Restate the listing below word for word; no pictures belong in the copy.
---- AVAILABLE DATA
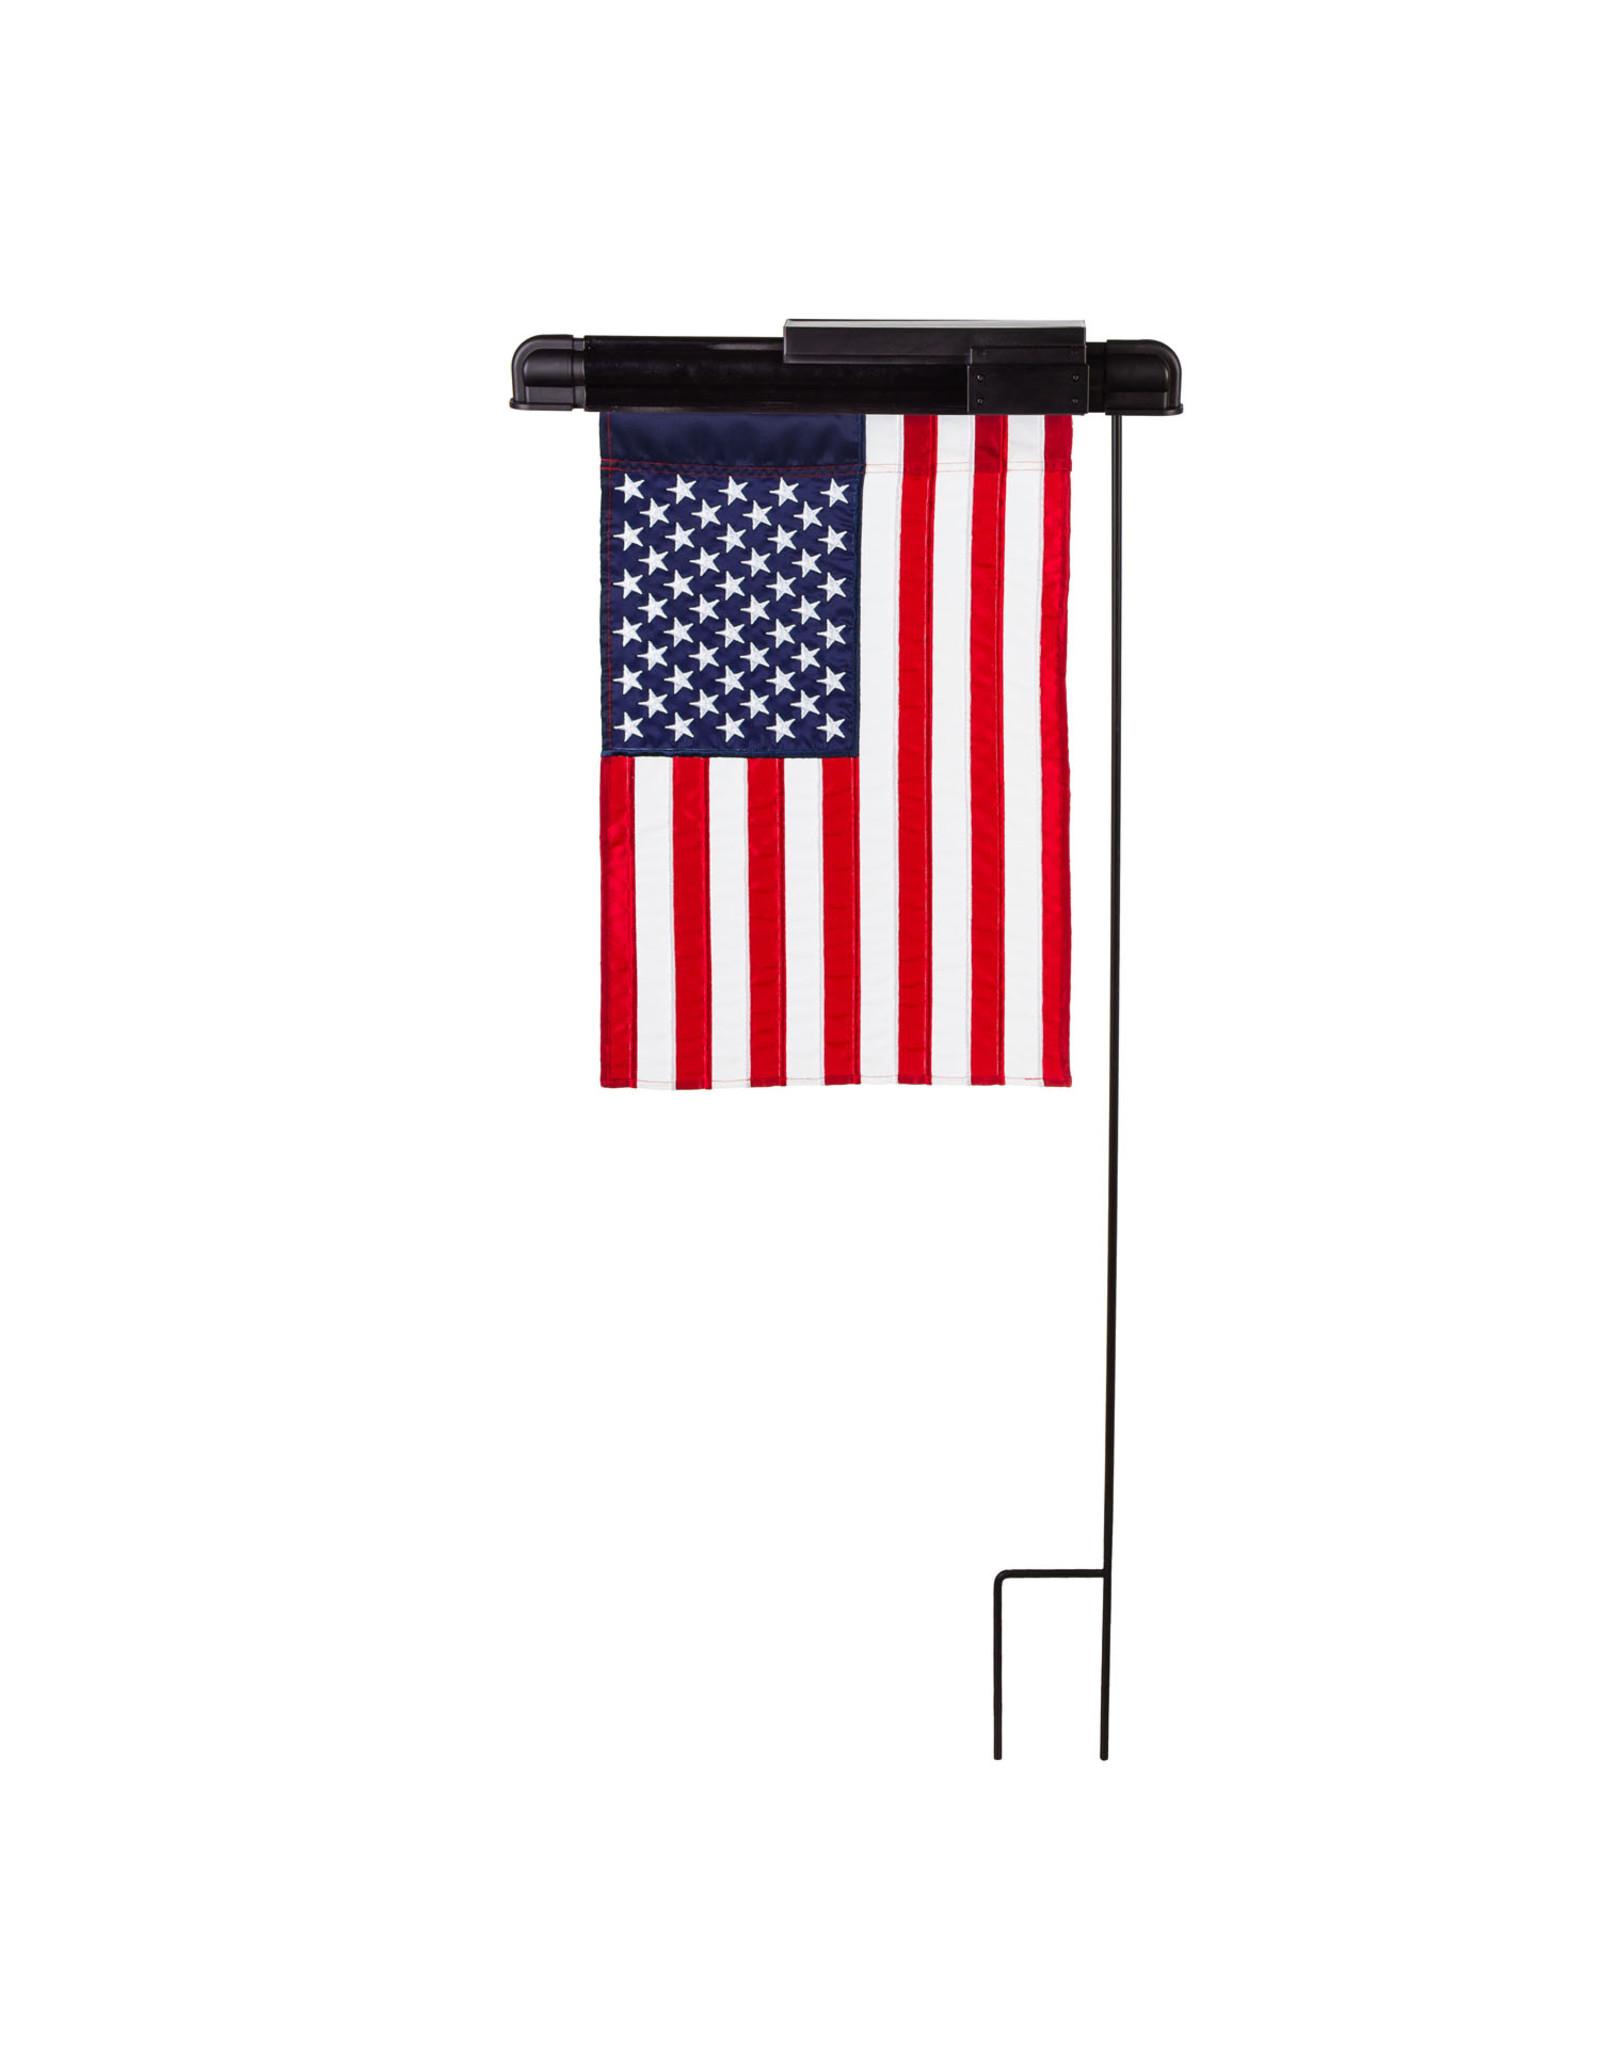 Evergreen Enterprises Solar Light for Garden Flag
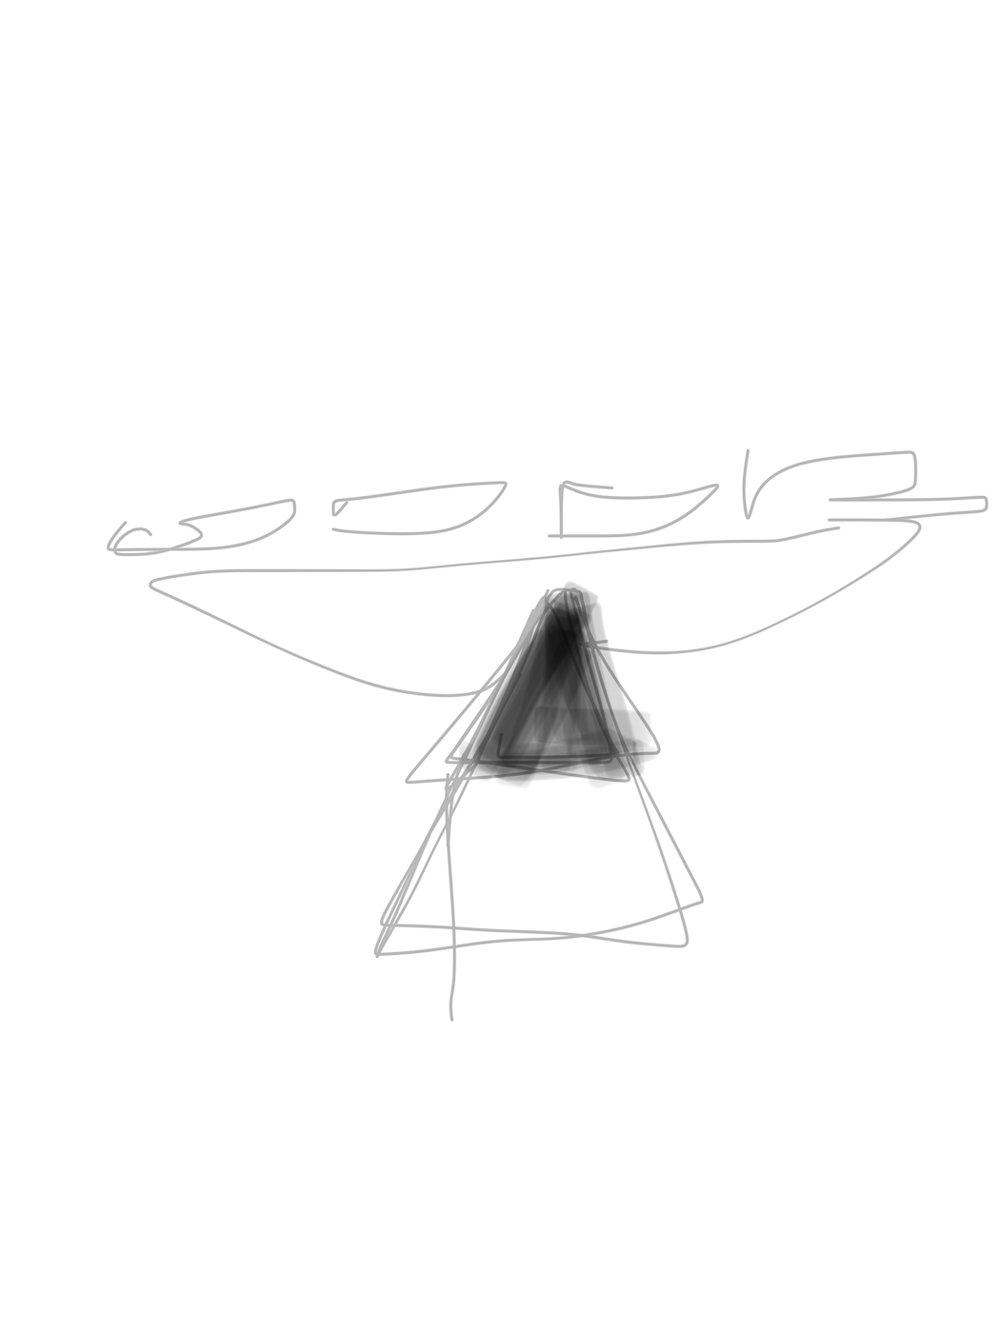 Sketch-402.jpg
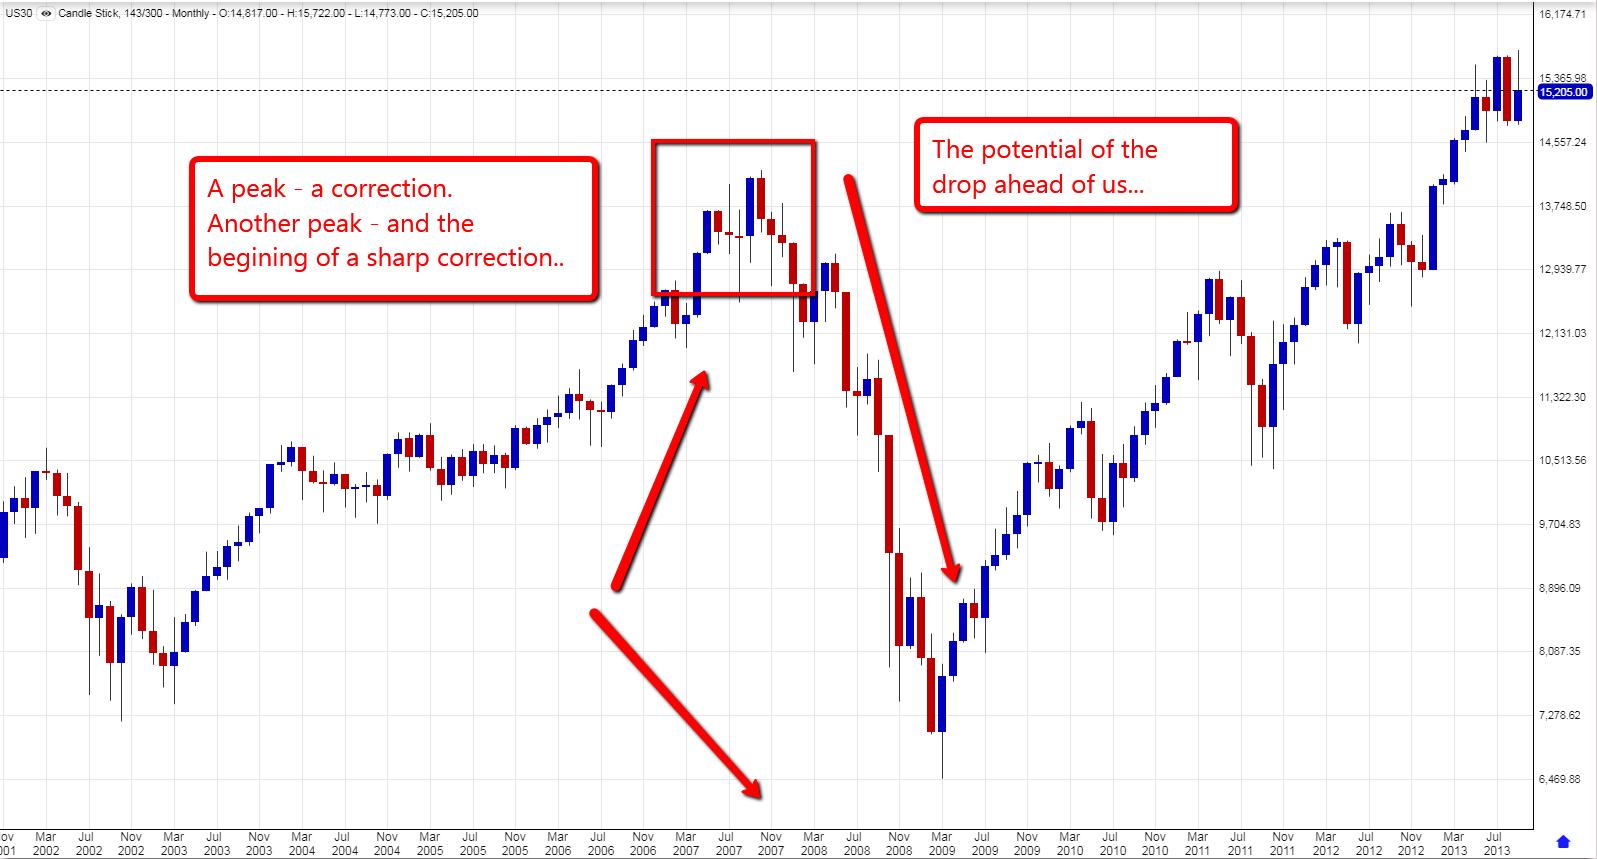 Dow Jones monthly chart - 2008 crisis
--------
# EXERCISE RESPONSE
 Evergreen Enterprises Solar Light for Garden Flag
 Sketch-402.jpg
 Dow Jones monthly chart - 2008 crisis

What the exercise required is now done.